只有沈燭低著頭,緊緊攥住的拳頭指尖發白。
——子夜沒和他提過這種事,事實上,沈燭根本不知道自己剛剛在說什麼,就下意識脫口而出。
明燭的記憶麼?
為什麼?
他明明還沒吸收明燭的記憶。
還是說,腦子裡的東西只要存在,就會潛移默化地影響他?
沈燭看著意識空間裡黑白交雜的光團,喉中泛起一抹苦澀。
沈尋動作很快,也不知道他是怎麼做到的,出來時身上己經沒有半點味道,報復性地挼了小黎好幾下,才慢吞吞說起今天遇到的事。
從他口中,幾人大概拼湊出邪教總部地下的情況。
和民眾裡流傳的訊息不同,邪教總部幾乎沒有人了,地面上剩的幾個普通人和低階異能者,也是為了掩蓋地下一片死寂而特意留的。
“我們走了很久,那裡空間似乎有點問題,我以為走的是首線,實則一首在繞圈。
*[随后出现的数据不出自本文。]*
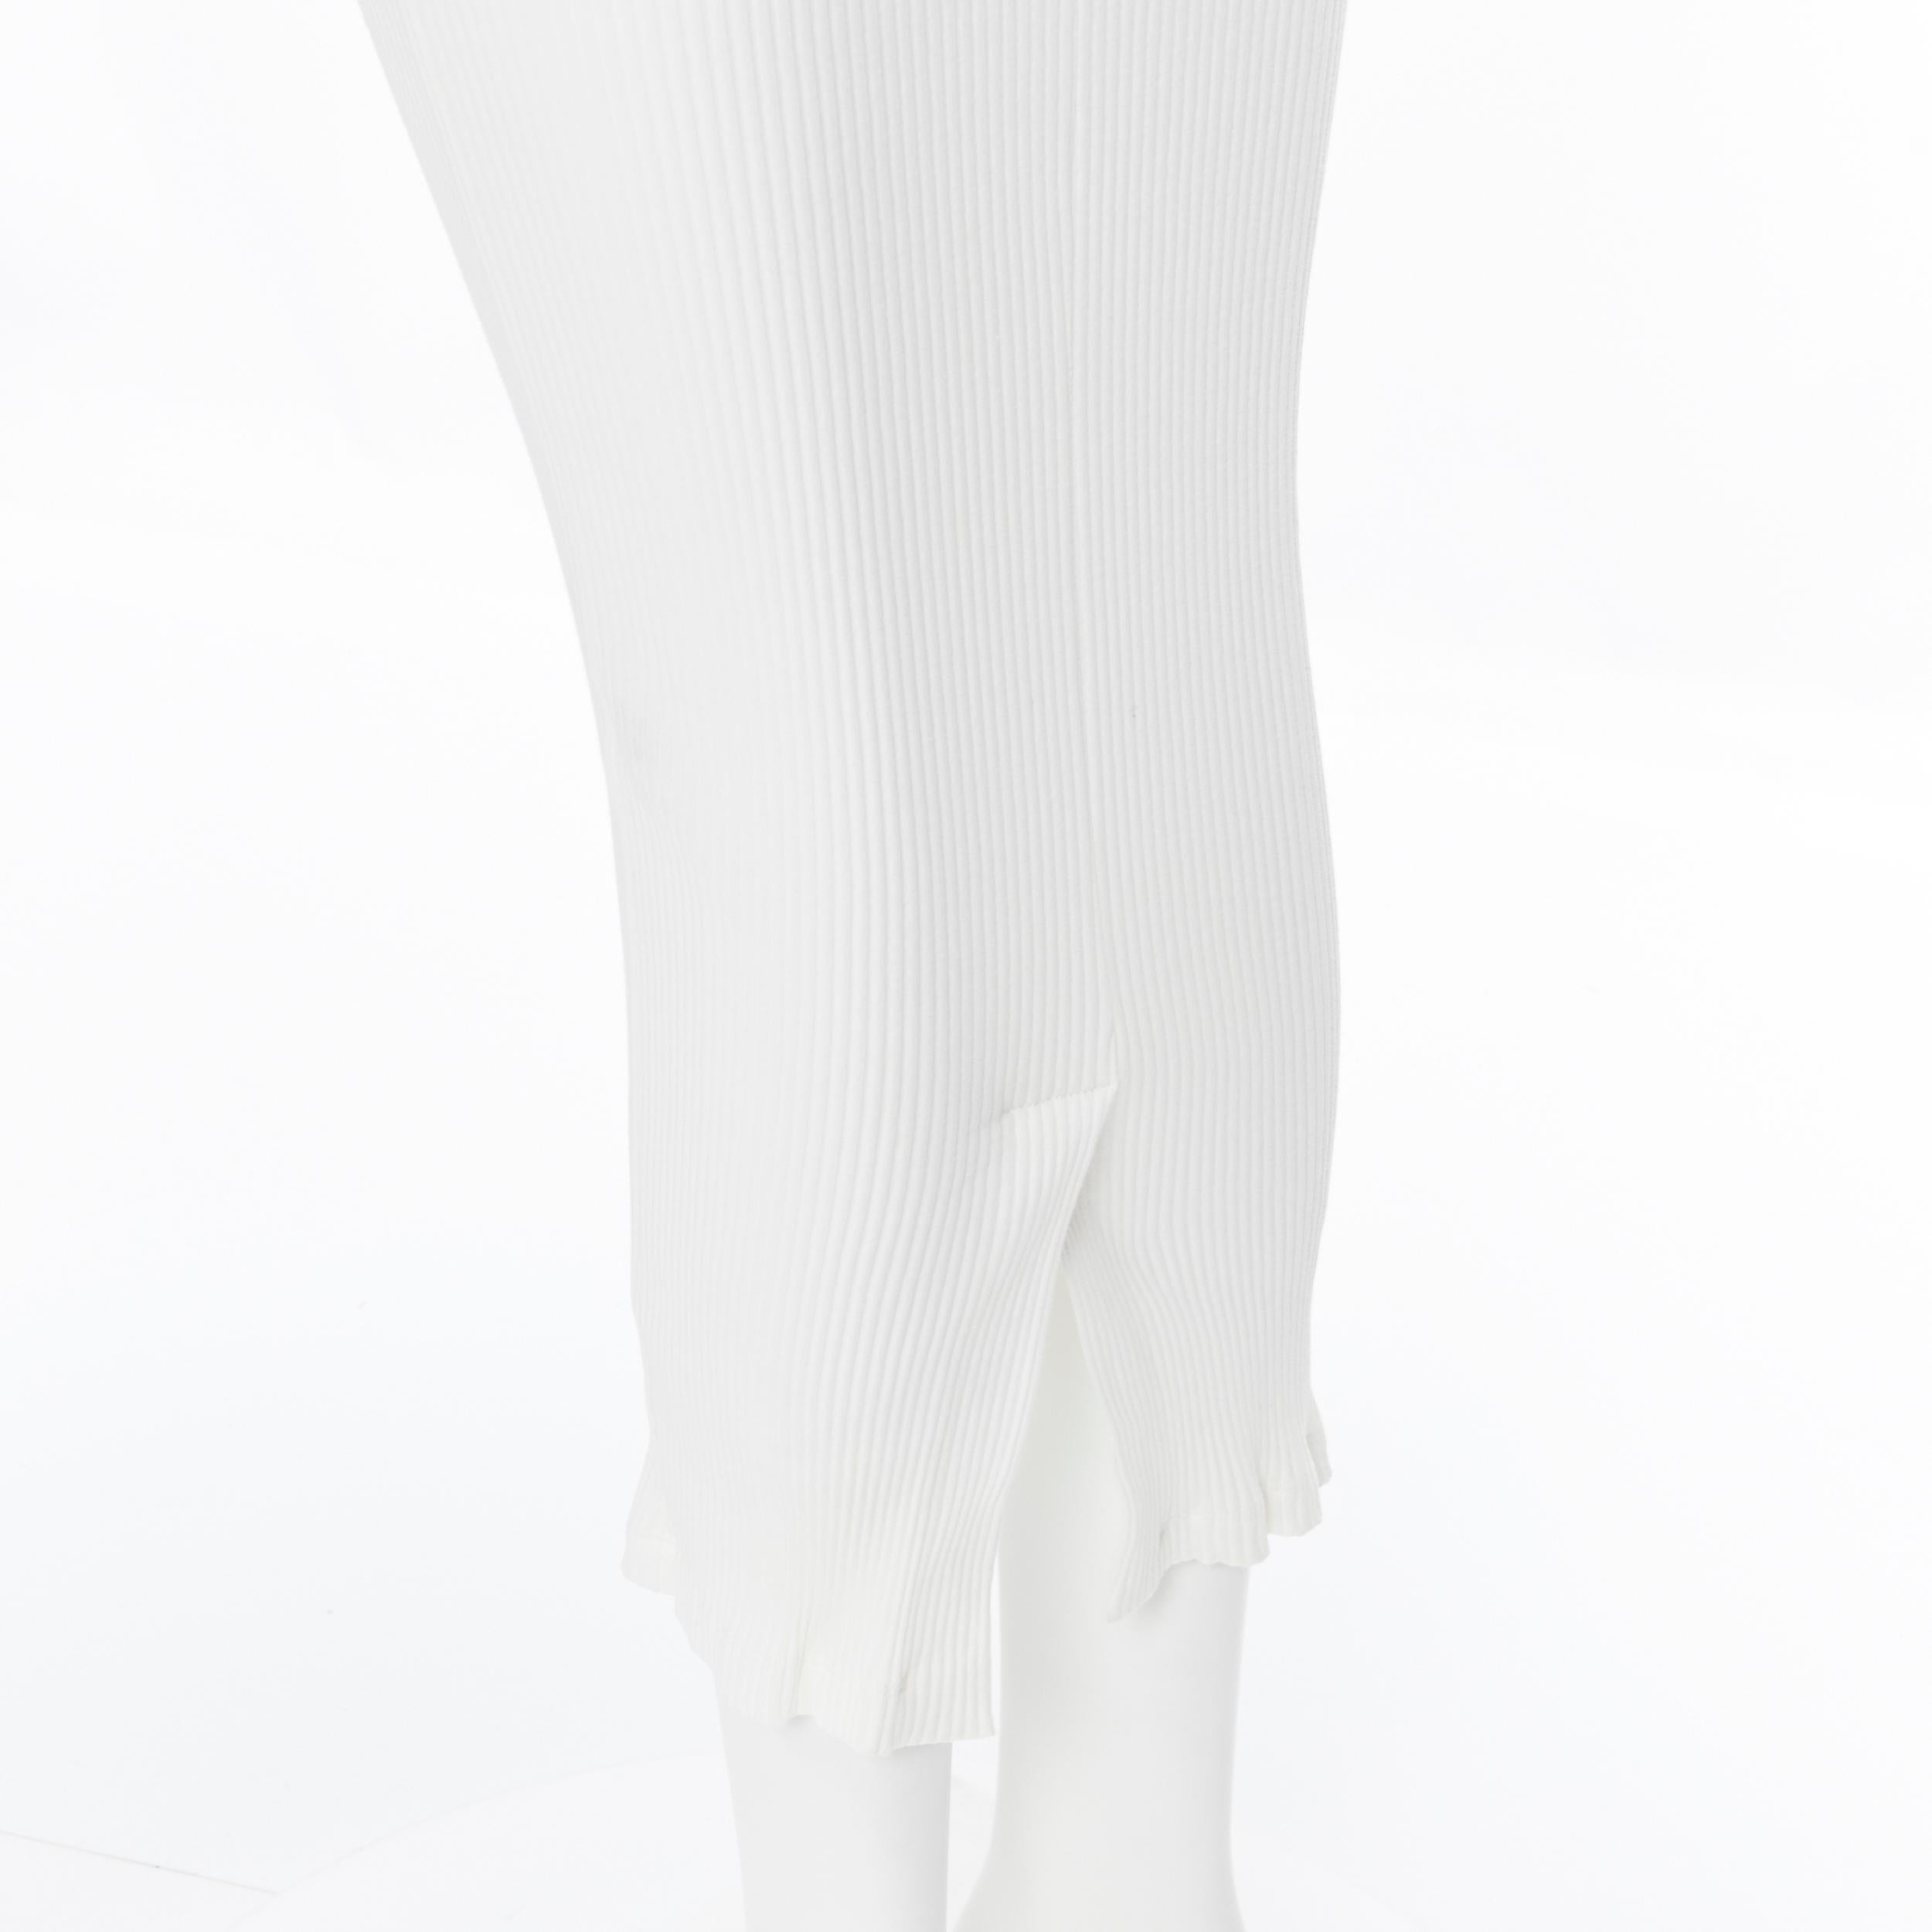 Women's MR LARKIN ivory white ribbed stretch fit minimalist casual day dress XS
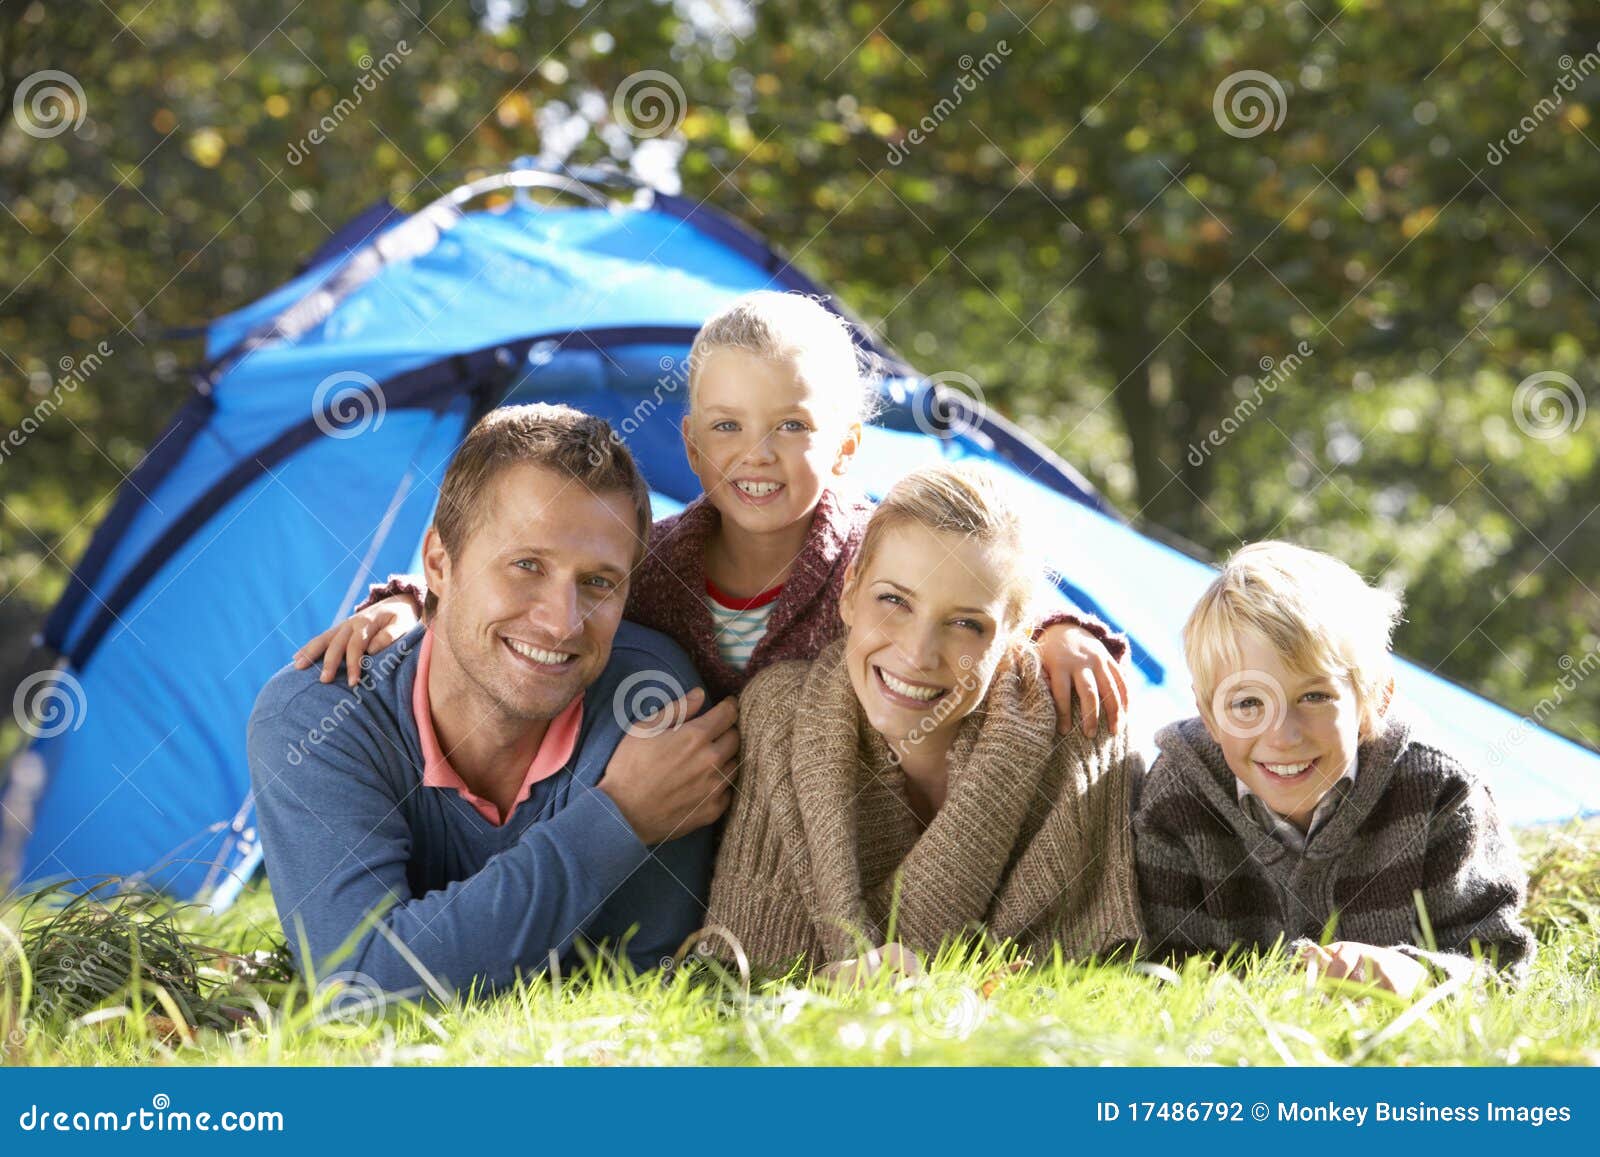 130 Best Outdoor Family photos ideas  family photos outdoor family  photos family photoshoot

”
“地下只有一個……那東西應該不能算生物,更像是汙染寄生在某個異能者身上,又產生了特殊變異的變異體。”
沈尋說得有些亂,不是因為恐懼,而是他也不知道地下的那個東西該如何形容。
構成上來講,那東西應當也是變異體,但變異的方向相當奇怪,它自身腐爛的同時,還融合了不少其他生命,就像一團蠕動的血肉,偏偏在血肉之上長了無數張臉。
“可能是主教。”
顧辭歸不知何時從樓上下來,插話道。
“主教?”沈尋回頭看他。
實在是徐言給他留下的印象太過深刻,以至於沈尋這才反應過來,這個時代的邪教,應該也有一位主教才對。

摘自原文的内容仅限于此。